Here is an explanation of why there is a connection mode design?

In our project, there will be a situation where 2 libraries are connected at the same time, one cell library and one central library. If there is no connection mode, the upper-level code is a copy, and the project will be deployed in the center and the unit two computer rooms at the same time, that is, both places will create data sources.

But in fact, my central library only needs to be connected in the central computer room, because all the operations of the central library are central interfaces, and the traffic must go to the center, and it is meaningless for me to connect in the unit computer room. Another problem is that I do not need to maintain the database information of the central library in the unit computer room, if there is no connection mode, then the rainbow bridge of the unit computer room must also have the information of the central library, because the project will be connected.

4) Problems encountered

The central database cannot be accessed in the cell interface

If an interface is marked as a cell interface, only the cell library can be manipulated. In the past, when there was no multi-work transformation, there was basically no concept of center and unit, and all the tables were put together. After the multi-live transformation, we will divide the database according to the business scenario.

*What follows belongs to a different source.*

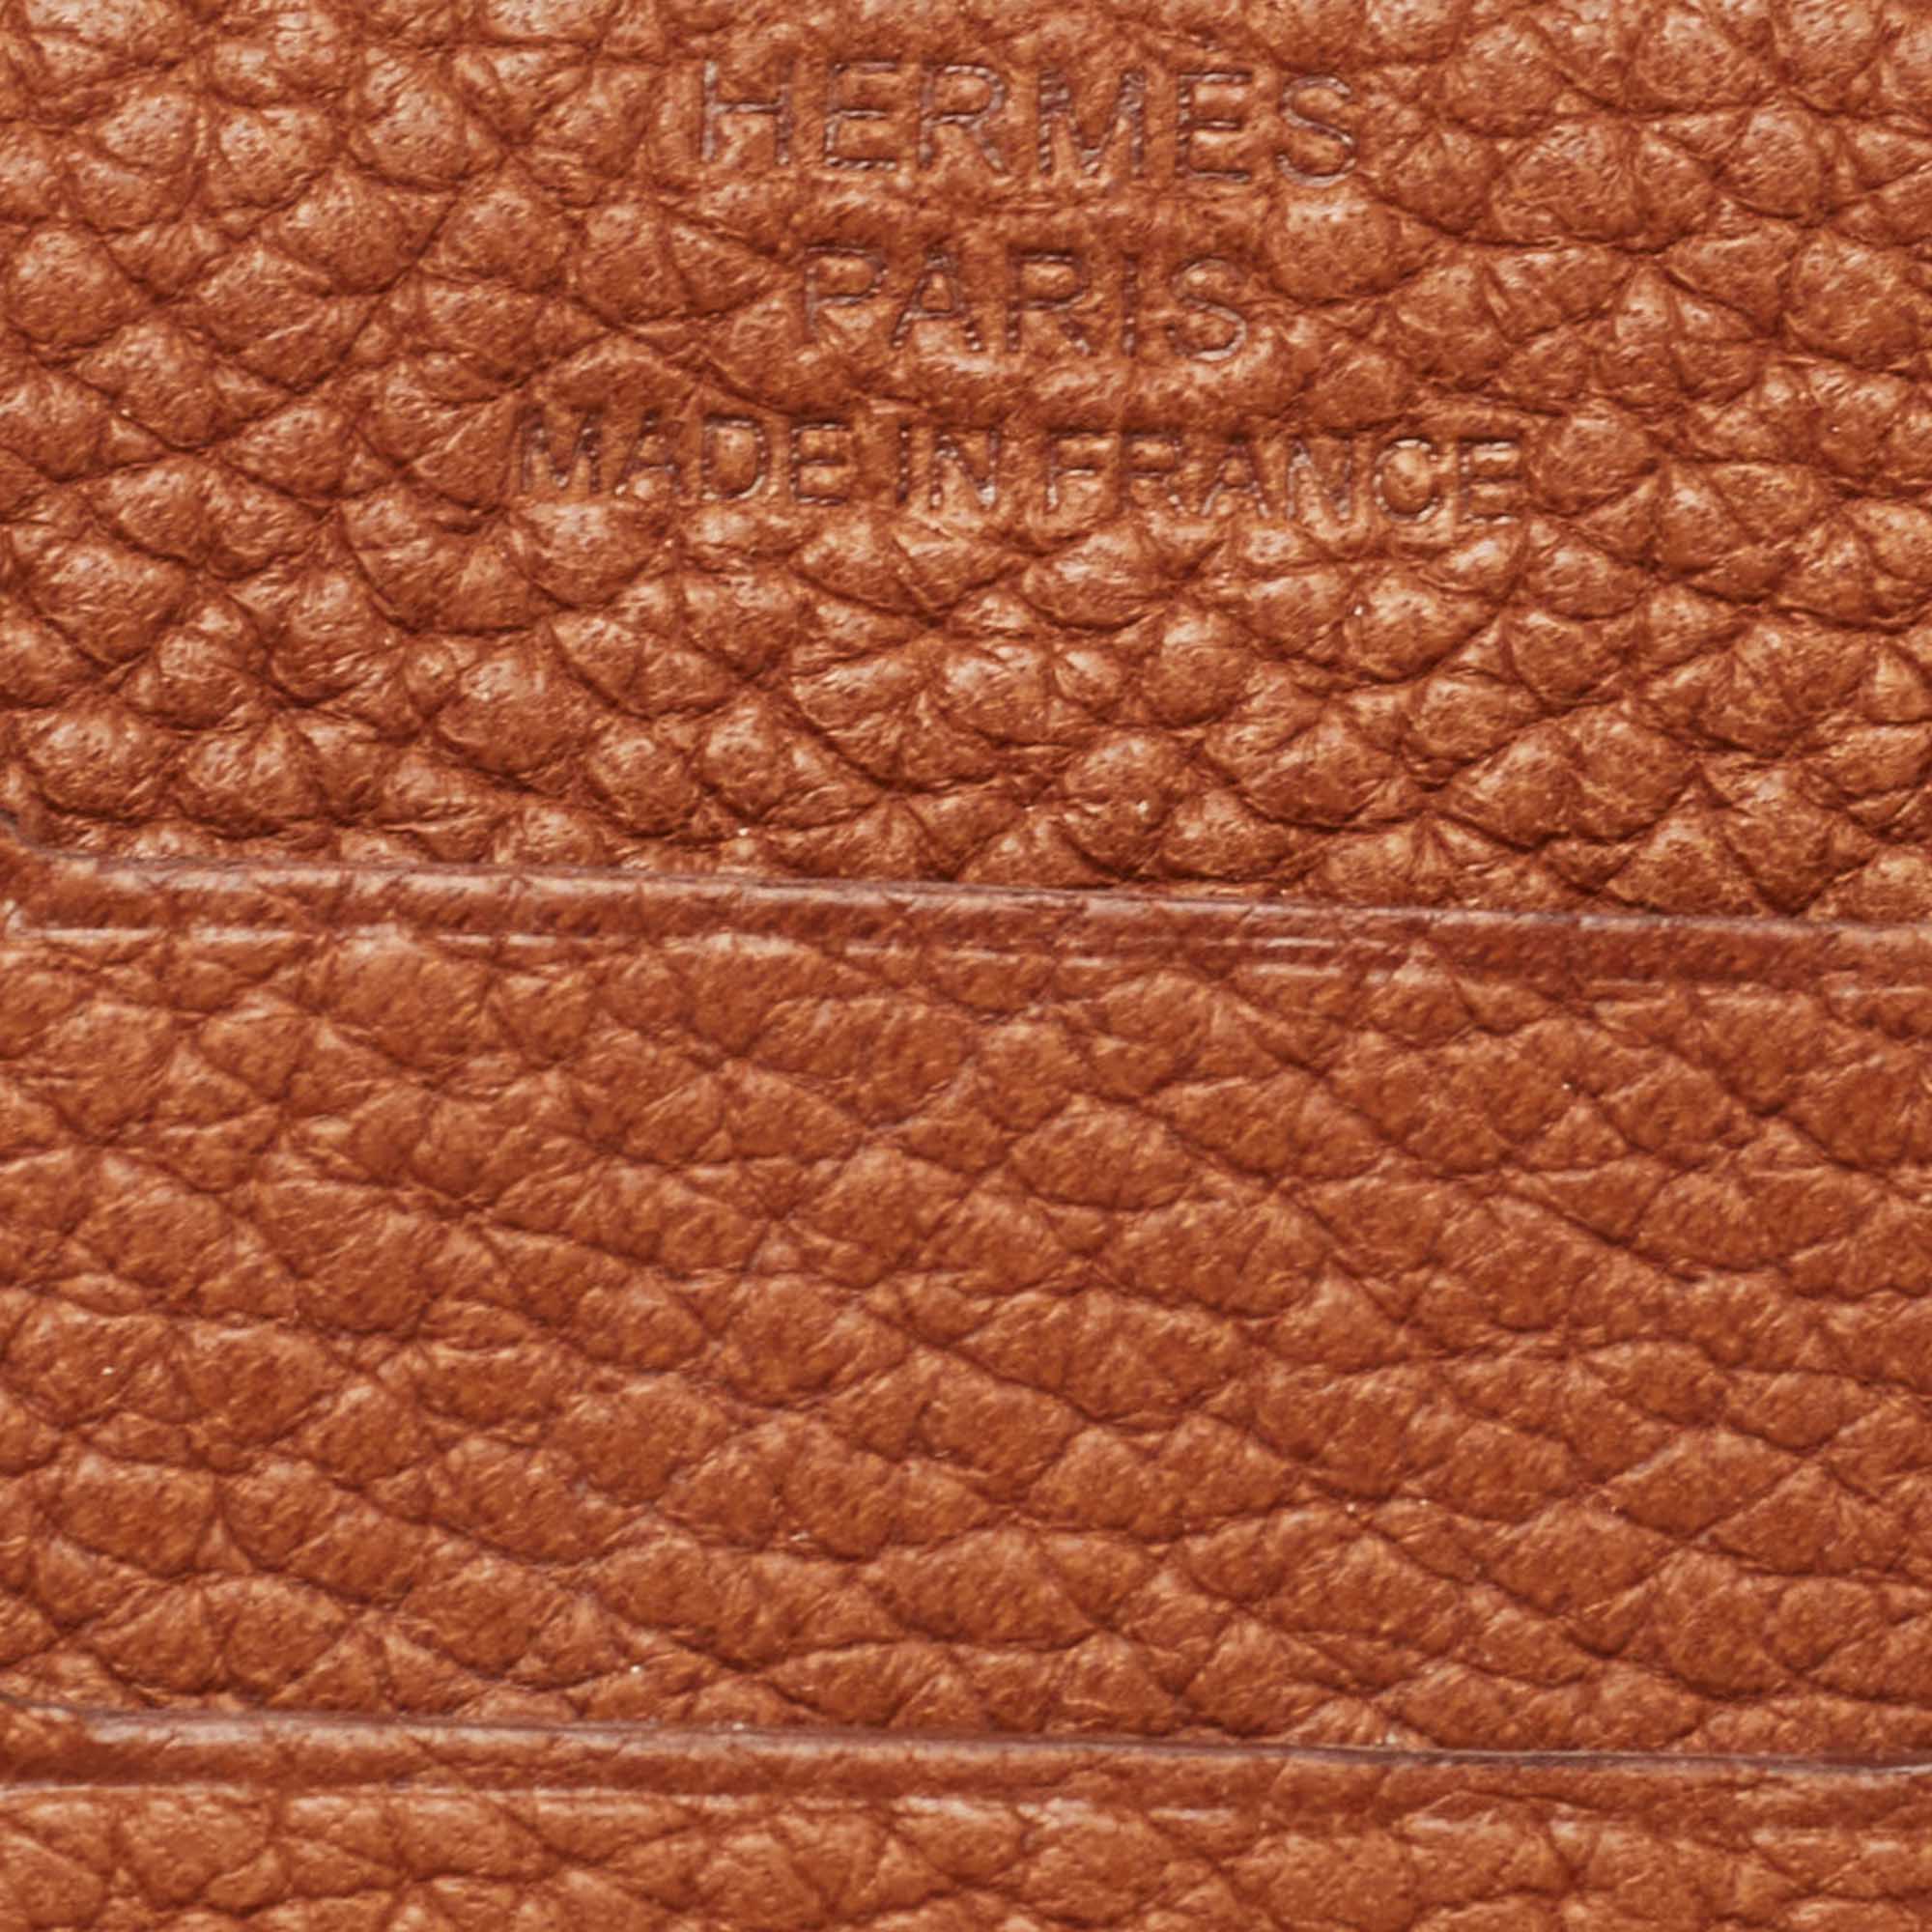 Sold Rare and Brand new Hermès Béarn card holder
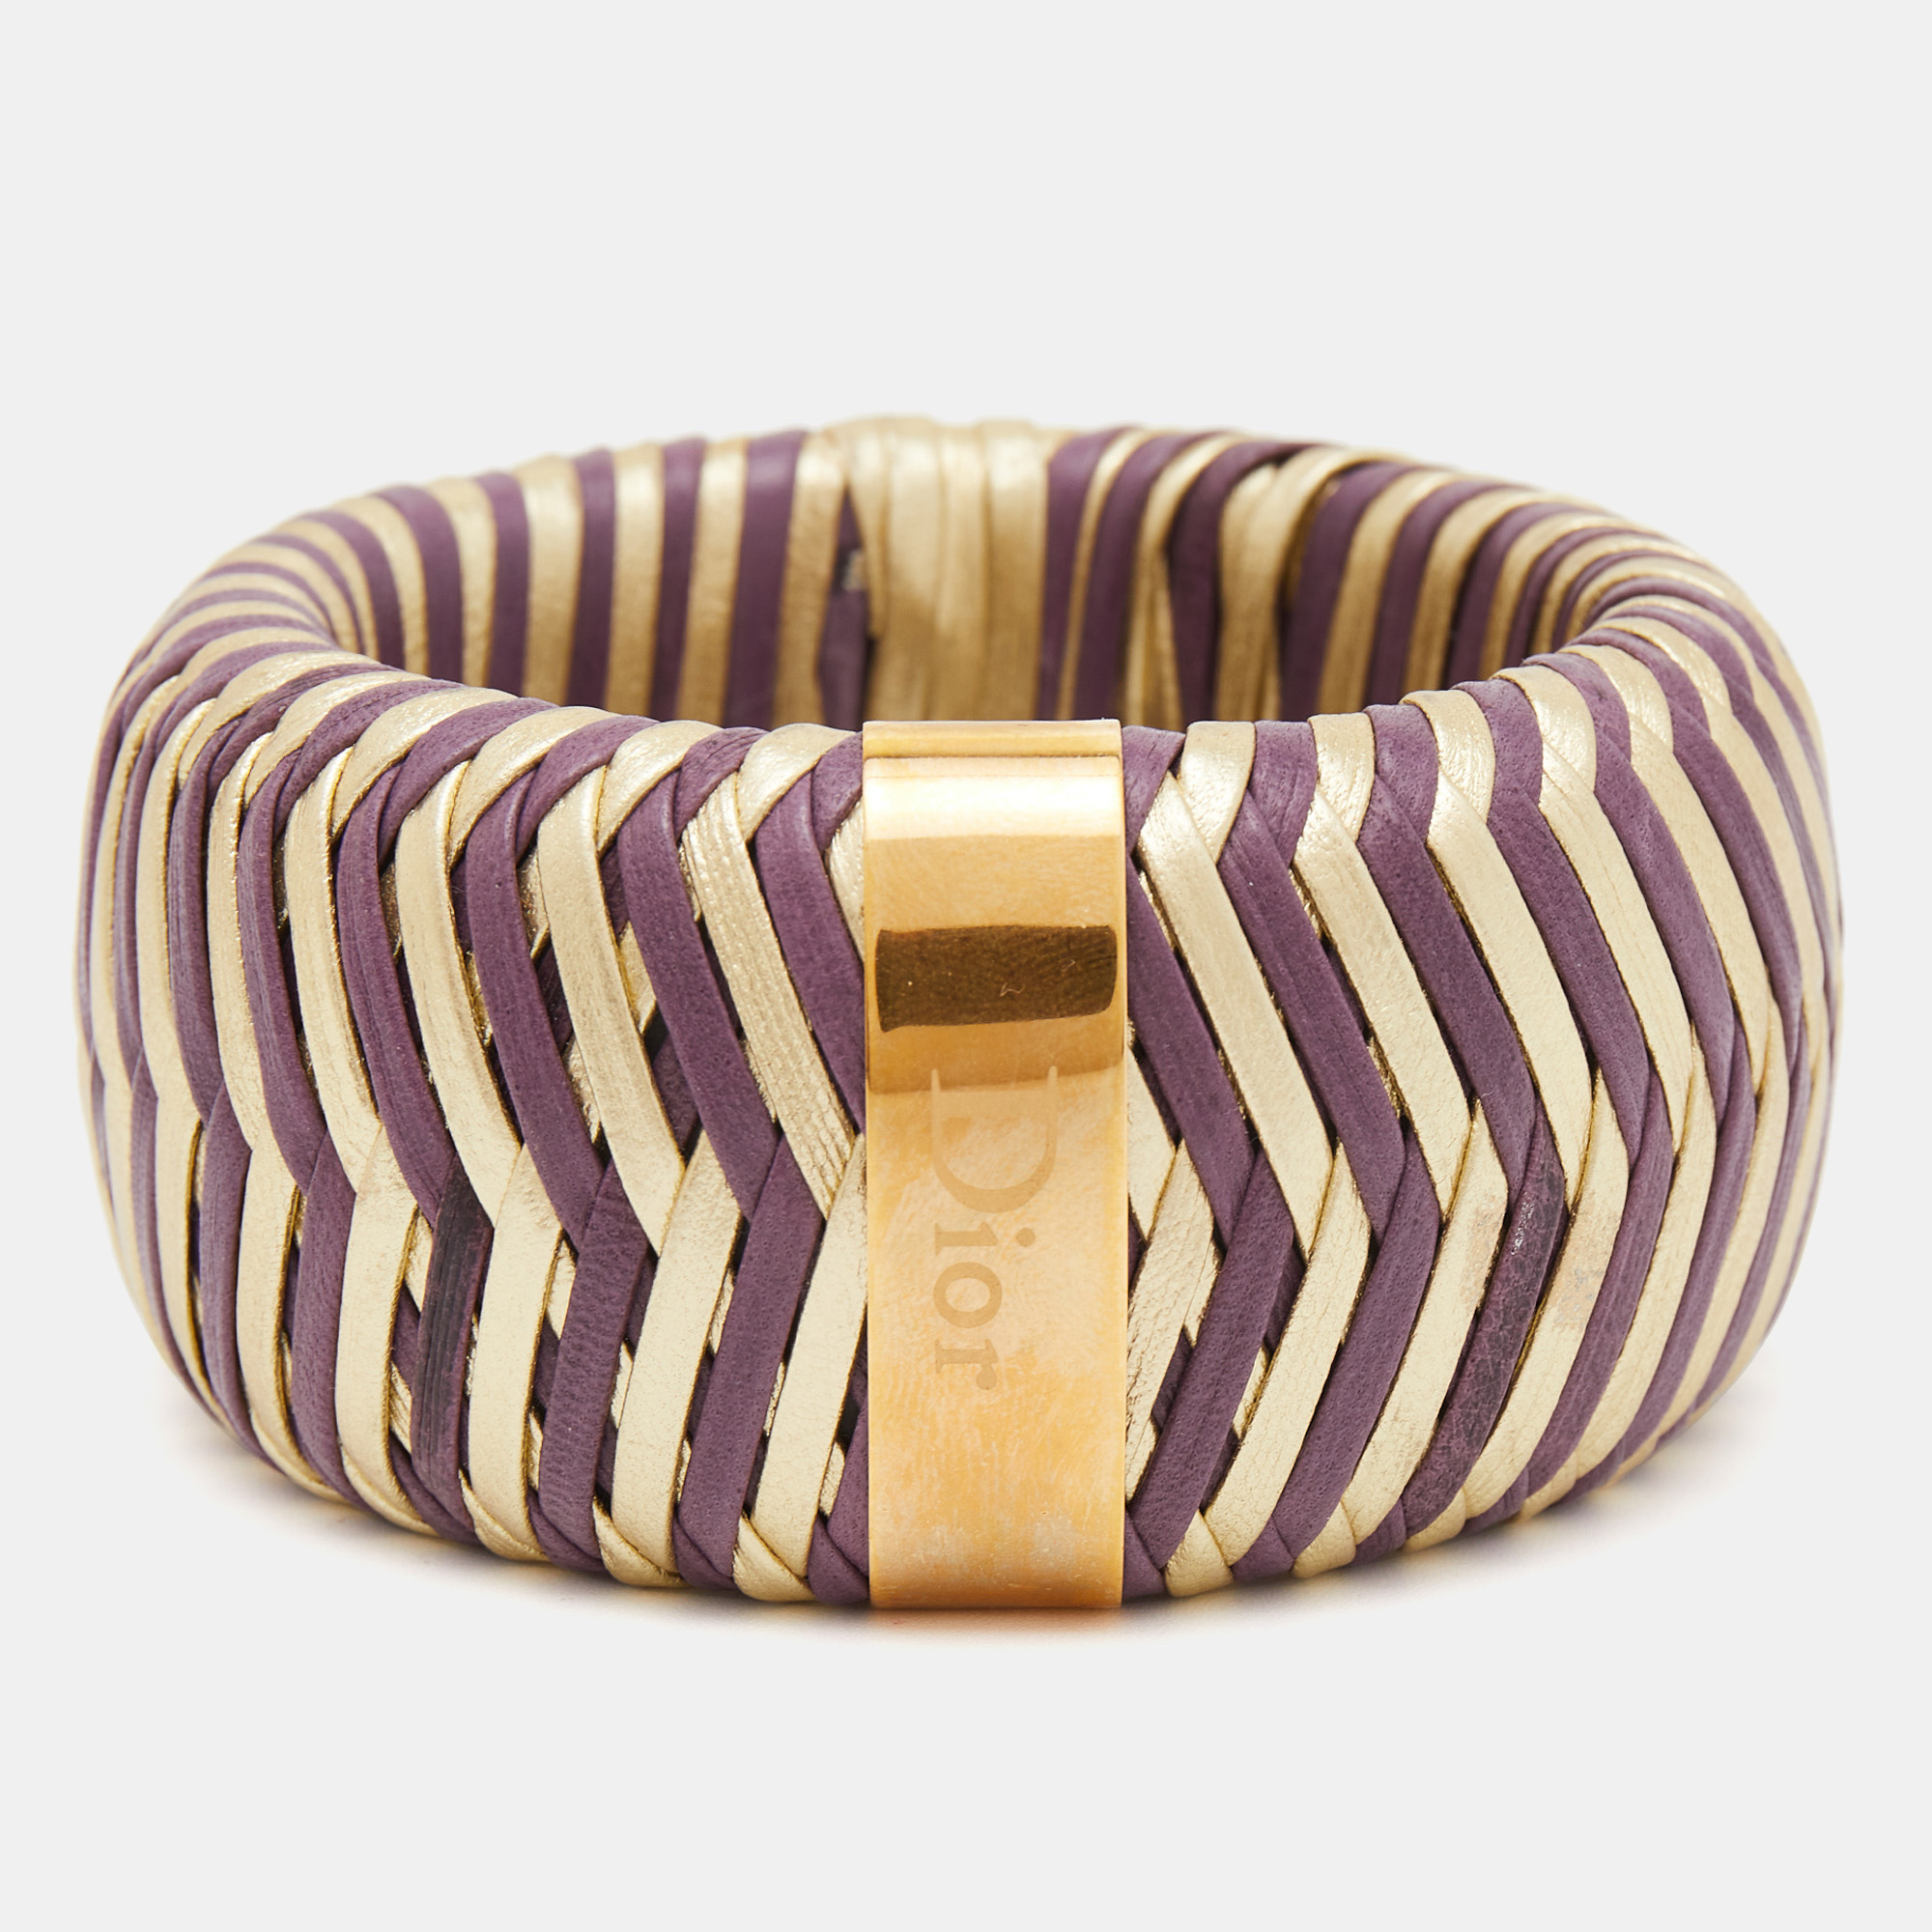 This Dior leather bracelet stands out in two colors. Made from leather it has a chevron like woven design finished with a gold tone metal accent carrying the brand name.

After partitioning, the central library will only be used by the program of the central computer room, and the central library is not allowed to be connected in the unit computer room. Therefore, if the operation of the central library is involved in the unit interface, it will definitely report an error. This piece needs to be adjusted to the RPC interface of the center.

The hub interface cannot access the cell database

Same problem as above, if the interface is central, you can’t operate the cell library inside the interface. The request of the central interface will be forced to go to the central computer room, if there is an operation involving another computer room, you must also take the RPC interface for correct routing, because your central computer room cannot operate the database of another computer room.

Batch query tuning

For example, the batch query is based on the order number, but the order number is not the same buyer. If you just use the buyer of one order as the routing parameter, then some other orders actually belong to another unit, so there may be a problem of querying the old data.

Such a batch query scenario can only be available for the same buyer, and if it is a different buyer, it needs to be called in batches.

Redis is used more in the business, and there are many places that need to be adjusted in the multi-live transformation. For Redis first we clarify a few definitions:

No two-way synchronization is done

Redis does not do two-way synchronization like a database, that is, a Redis cluster in the central computer room and a Redis cluster in the unit computer room. Only a subset of users’ cache data exists in the cluster of each data center, not all of it.

Redis type

Redis is divided into a center and a unit, the center will only be deployed in the center computer room, the unit will be deployed in the center and the unit two computer rooms.

1) Business transformation

Redis multi-data source support

Before multi-live transformation, each application has a separate Redis cluster, after multi-active transformation, because the application is not unitized and the center is split, there will be a situation in an application that needs to connect two Redis situations. One central Redis, one unit Redis.

The Redis package provided by the infrastructure needs to support the creation of multiple data sources and define a common configuration format, and the business side only needs to specify the cluster and connection mode in its own configuration to complete the access. The connection pattern here is the same as the database.

The specific Redis instance information will be maintained in the configuration center without the need for the business side to care, so that when doing the expansion of the computer room, the business side does not need to adjust, and the configuration is as follows:

At the same time, when we use Redis, we must specify the corresponding data source, as follows:

Data consistency

In database caching scenarios, because Redis does not synchronize in both directions, there will be data inconsistency. For example, the user starts in the central computer room and then caches a copy of the data. Cut to the unit computer room, and the unit computer room caches another piece of data. Then switch back to the central computer room, at this time the cache in the central computer room is the old data, not the latest data.

Therefore, when the underlying data changes, we need to invalidate the cache to ensure the eventual consistency of the data. Relying solely on the cache expiration time for consistency is not an appropriate approach.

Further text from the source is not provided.